Lao Dan addresses Confucius by his personal name “Qiu” in three passages. Since such a liberty is one that only a person with seniority and authority would take, this style invites us to believe that Confucius was a student of Lao Dan’s and thereby acknowledged Laozi as an authority. In one of these passages in which Lao Dan uses Confucius’s personal name Qiu, he cautions Confucius against clever arguments and making plans and strategies with which to solve life’s problems, telling him that such rhetoricians are simply like nimble monkeys and rat catching dogs who are set aside when unable to perform (Ch. 12, Heaven and Earth). And on another occasion, Qiu claims that he knows the “six classics” thoroughly and that he has tried to persuade 72 kings to their truth, but they have been unmoved. Lao Dan’s reply is, “Good!” He tells Confucius not to occupy himself with such worn out ways, and to instead live the dao himself (Ch.14, Turning of Heaven).
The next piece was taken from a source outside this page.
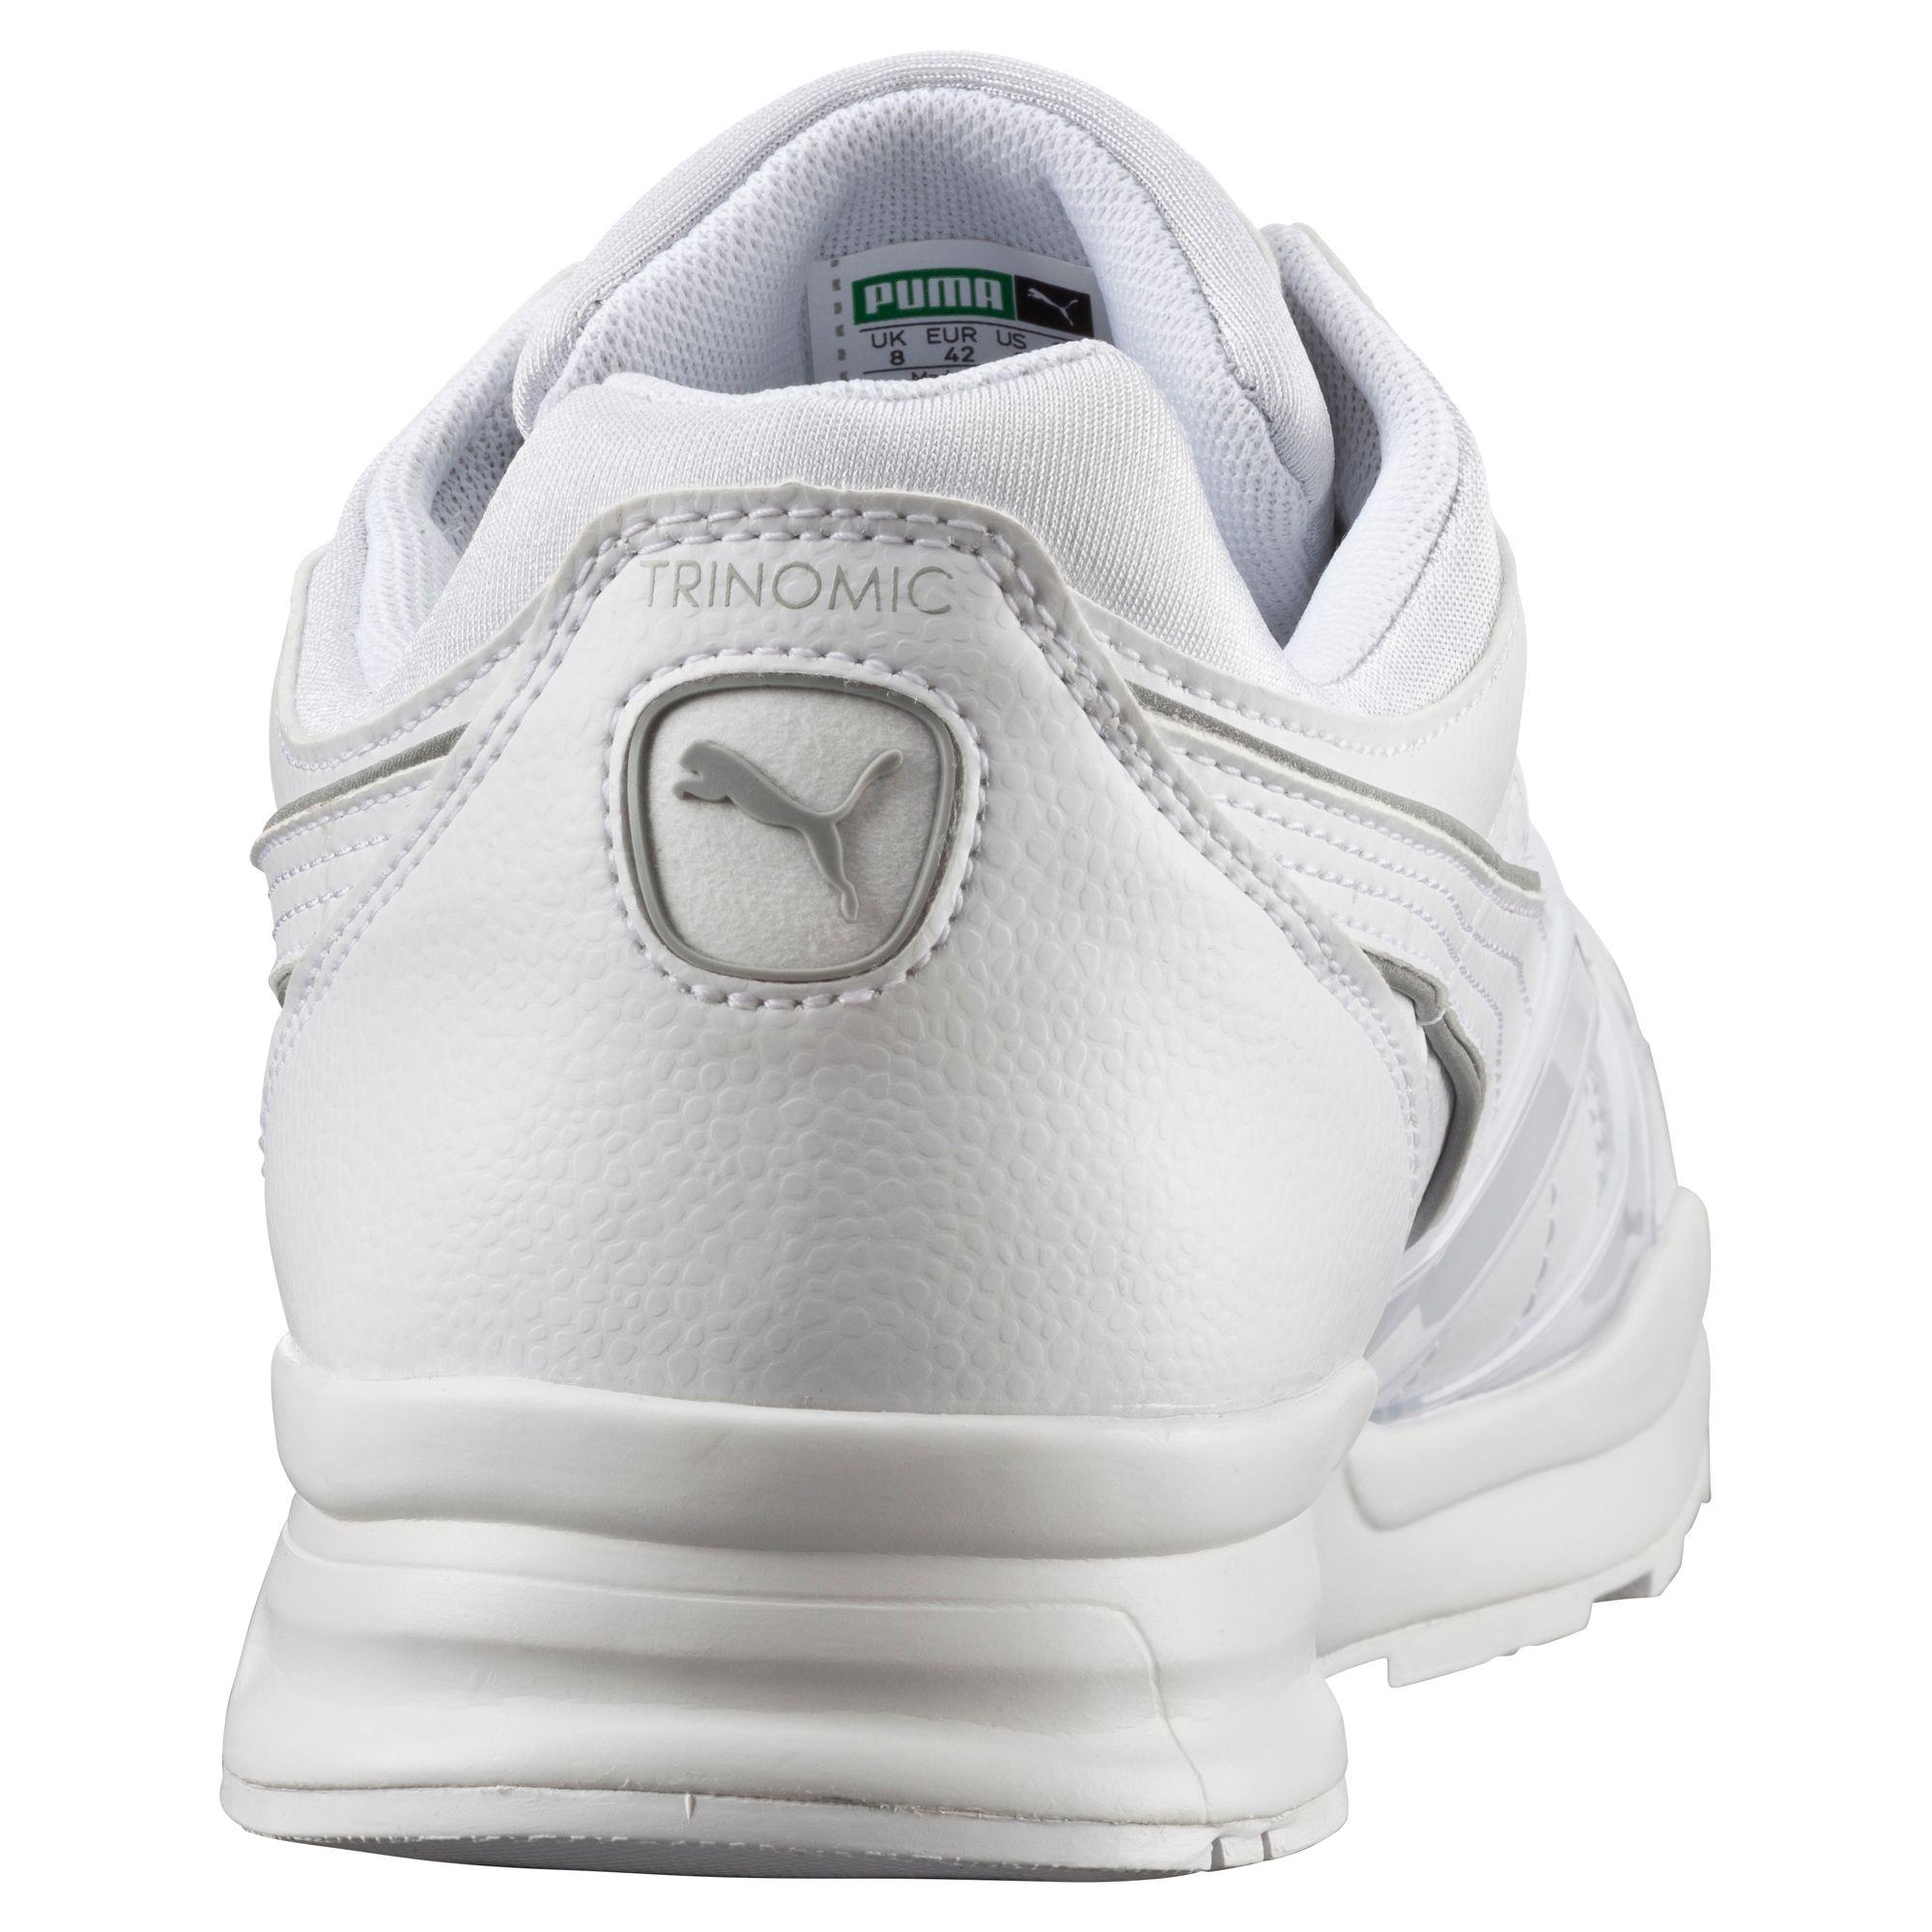 f4ed7b14e075 PUMA Trinomic XT-1 Reflectriple Trainers Footwear Sneakers Sport ...
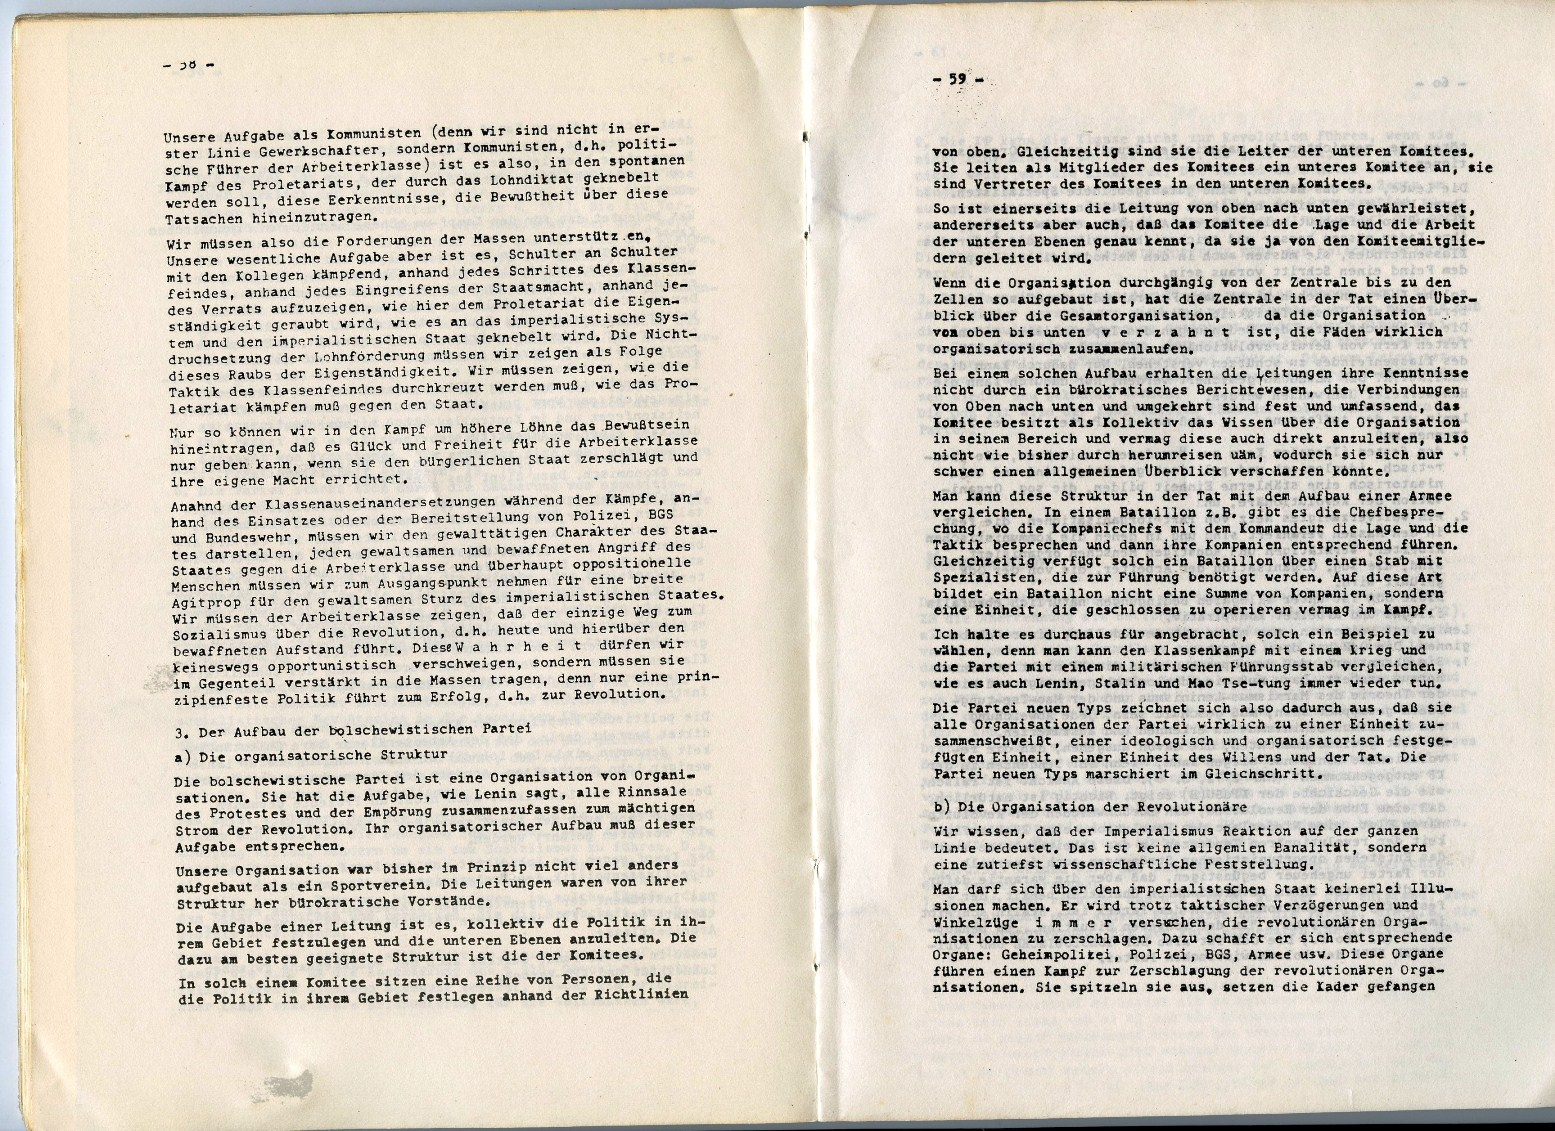 ZB_Universitas_1972_33

In his later attempt to provide an actual biography of Laozi by Sima Qian (see below), Laozi’s vocation as a librarian figures prominently.  If the ultimate source of this tradition is the Zhuangzi, we should not forget that the context of this record is as a component in the theme that Laozi taught Confucius, who was confused and having no success with his own teachings.  Accordingly, the point of the story that mentions Laozi’s occupation as librarian or an archivist (ch. 13) is that Confucius’ writings, offered to Laozi by Confucius himself, are simply not worthy to be put into a library. We cannot be sure, then, that there is any real memory of Confucius’s occupation being preserved for us, as the story may be an entire fiction meant to make a point about the inadequacy of Confucius’s teachings.

Finally, in Ch.14, Turning of Heaven, Lao Dan makes a direct attack not only on the rules and regulations of Confucius, but also the teachings of the Mohists, and the veneration of the ancient emperors and legendary sages of the past, displaying his preference for experiential oneness with dao to any teaching or tradition of philosophers or great minds of the past.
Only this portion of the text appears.